Therein lies one of the greatest pitfalls of staging a successful production of Der Rosenkavalier: the three central female singers need to be very good to carry off the soaring lines of Strauss’s score. Mezzo-soprano Daniela Sindram in the breeches role of Octavian was for me the standout performer in this production, combining ardor and luster in her voice, and utterly believable as a gangly adolescent boy experiencing passion for the first time. The opening scene with his older lover, the Field-Marshall’s wife (Marschallin), was certainly the steamiest version I have seen, with Octavian even enjoying a postcoital cigarette as the curtain opens. Audiences in 1911 must have been scandalized and titillated in equal measure to find two women cavorting at the very beginning of the opera.
Soprano Erin Morley as the young Sophie, who captivates Octavian as he presents the silver rose to her on behalf of Baron Ochs, has the requisite purity of tone and youthful demeanor to carry off her part with aplomb. The way she is dressed up like a doll in the second act underlines the extent to which she is used as a commodity and/or plaything by both her father and Ochs.
Michaela Kaune’s Marschallin is vocally detailed but lacks the fullness of tone needed to dominate the stage; perhaps she is better suited to a smaller theater. Luckily, she came to the fore in the sumptuous final trio, and her parting from the stage after giving her blessing to the young lovers was truly affecting. Perhaps the voice of Anja Harteros (former winner of the Cardiff Singer of the World competition), who will be singing the role in some performances, will be better suited to the larger space.
The one essential male role, that of Baron Ochs, is here sung and acted with aplomb by Peter Rose, even though he lacks the truly deep bass notes that so distinctively conclude the second act.
While Herbert Wernicke’s production makes good use of the huge Bastille stage, with tall turning mirrors managing to give visually striking representations of the Marschallin’s bed chamber in Act I, the nouveau riche grandeur of Faninal’s mansion in Act II, and the inn to which Baron Ochs invites the young maid “Mariandel” (in fact, Octavian in disguise) in the final act, it is less effective on stage detail.
All too often the intricacies of the comic interplay are lost, especially in the first act when the boorish Ochs alternates between asking his cousin the Marschallin to help him with his forthcoming wedding and trying to seduce the maid.

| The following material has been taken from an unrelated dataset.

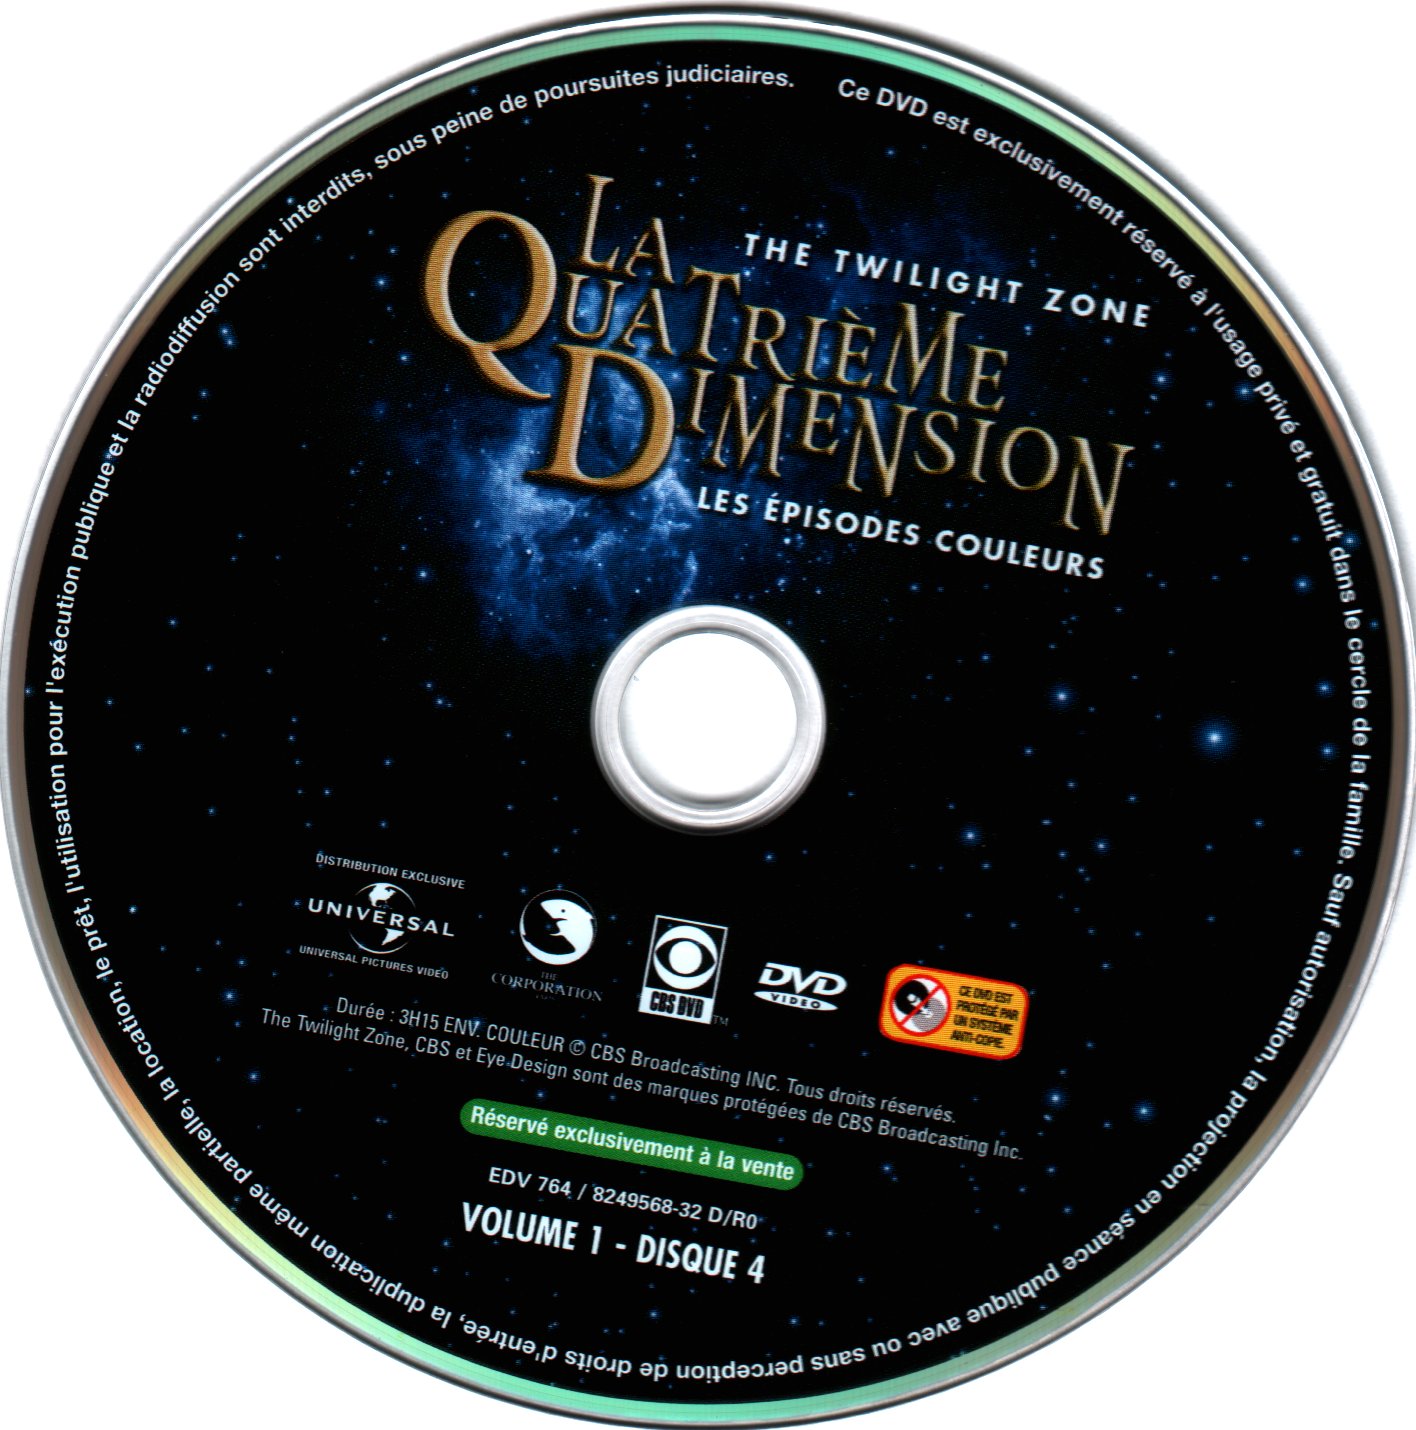 La quatrime dimension - Episodes couleurs vol 1 DVD 4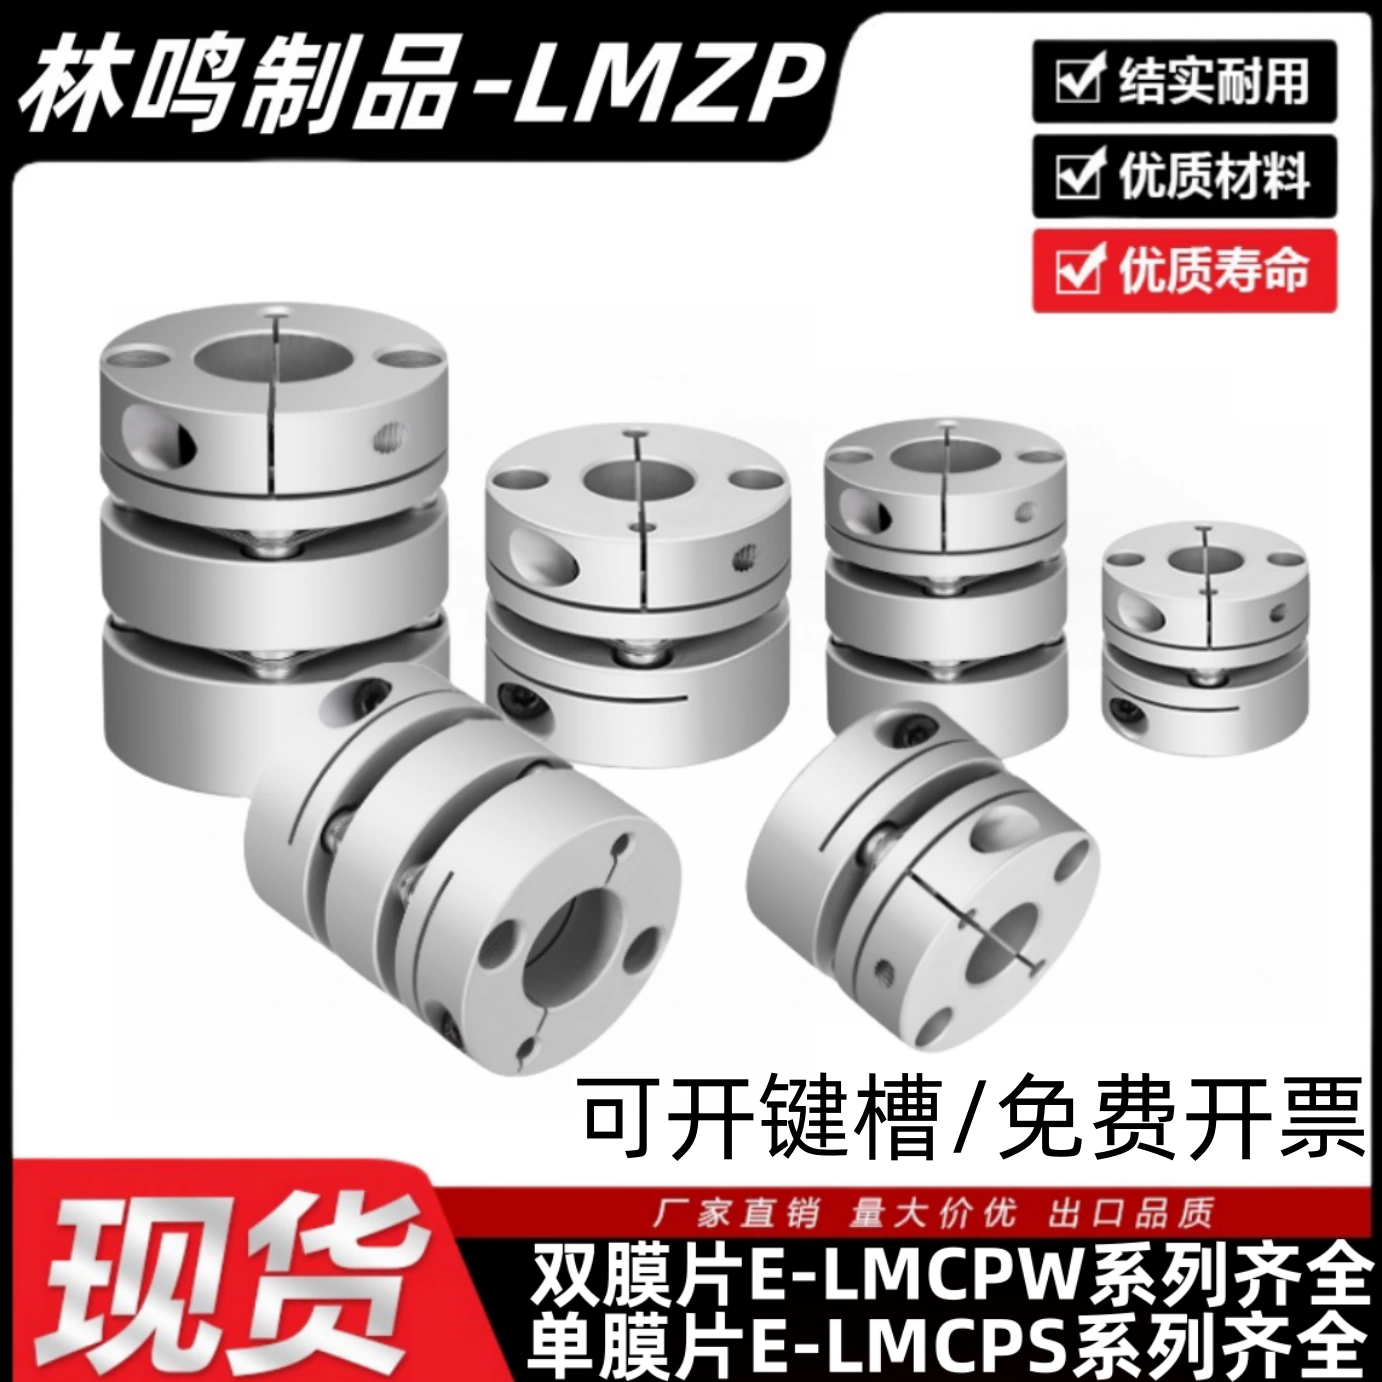 20 khớp nối E-LMCPS29-LMCPW16-26/33/32/34/39/44/10/8-12-14-15-18 các loại khớp nối thủy lực khớp xoay thủy lực

Also, the overlong opening scene of the final act (as various participants terrify and confuse Ochs in the inn as he sits down to dinner with “Mariandel”) lacked the visual ingenuity of other productions I have seen.
One novel idea introduced by Wernicke was to make the Marschallin’s servant boy Mohammed a traditional clown figure from the Italian commedia dell’arte, thereby steering clear of the problems associated with such a politically incorrect character.
The orchestra was in superb form throughout, especially the brass section, conducted as always with warmth and flair by Philippe Jordan, who must now rank as one of the most successful musical directors of the Paris Opera.